A potential compromise here?

Both Democrats and Republicans point to poll numbers to bolster their argument over the rates. In the national exit poll, a combined 60 percent of voters in the presidential election said that income tax rates should either increase for all or on income above $250,000; just 35 percent said tax rates shouldn't increase for anyone.

In addition, a new CNN poll finds that two-thirds of adults (67 percent) believe that deficit reduction should come from a mix of spending cuts and tax increases. But according to a survey conducted by Republican pollster David Winston, 61 percent say the better way to raise revenue is through closing loopholes and reforming the tax code; only 28 percent said the better way is through raising tax rates on those making $250,000. (As with all polling, it matters how you word the questions.)

Yet over the holiday weekend, The New York Times mentioned one possible compromise here: "allow effective tax rates to rise for the wealthy without technically raising the top tax rate of 35 percent." Per the Times, "One possible change would tax the entire salary earned by those making more than a certain level — $400,000 or so — at the top rate of 35 percent rather than allowing them to pay lower rates before they reach the target, as is the standard formula."

Willing to break Norquist's pledge

The other "fiscal cliff"-related development over the long holiday weekend was that more Republicans said they were willing to break Grover Norquist's pledge not to raise taxes, the National Journal writes.

"I think Grover is wrong when it comes to 'We can't cap deductions and buy down debt,'" Graham said on ABC. "I will violate the pledge, long story short, for the good of the country, only if Democrats will do entitlement reform."

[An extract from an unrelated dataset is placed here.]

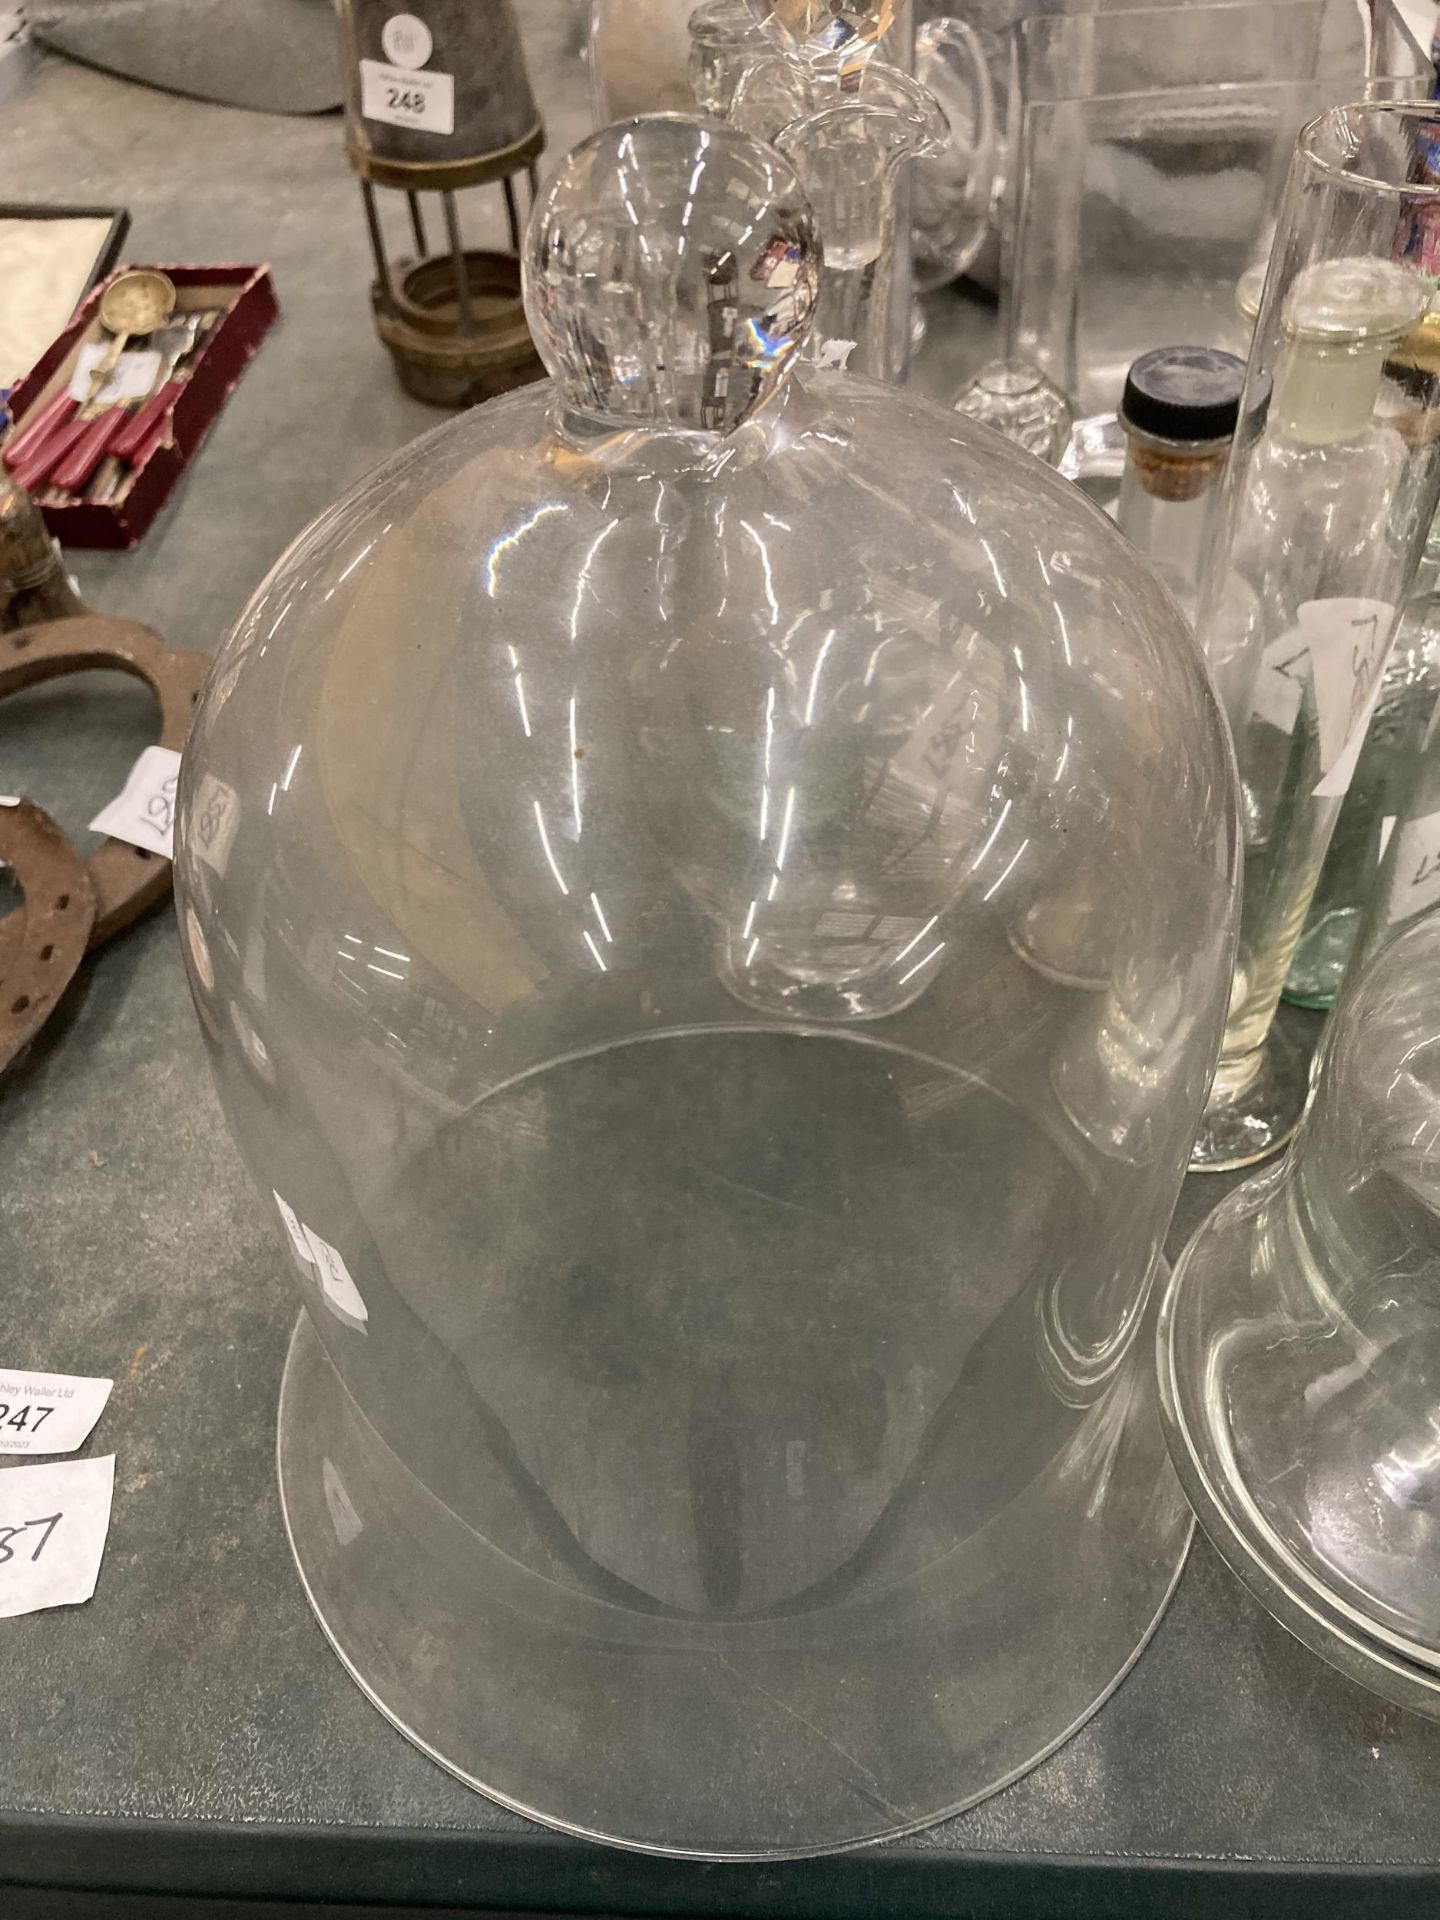 A COLLECTION OF GLASS ITEMS TO INCLUDE CLOCHE DOME, DECANTER, BOTTLES ETC - Image 2 of 4

That followed these comments from Sen. Saxby Chambliss. "I care more about my country than I do about a 20-year-old pledge."

But here's the thing: These statements are coming from Senate Republicans, not House Republicans who have to worry more about primaries than general contests. The exception here is Rep. Peter King of New York, who said on "Meet the Press": "I agree entirely with Saxby Chambliss: A pledge you signed 20 years ago, 18 years ago, is for that Congress. ... I think everything should be on the table." Then again, King isn't your typical House Republican.

Folks, don't get caught up in the Conventional Wisdom trap of the Senate. Right now, these senators are nothing more than elected pundits. The talks are between the White House and House Republicans.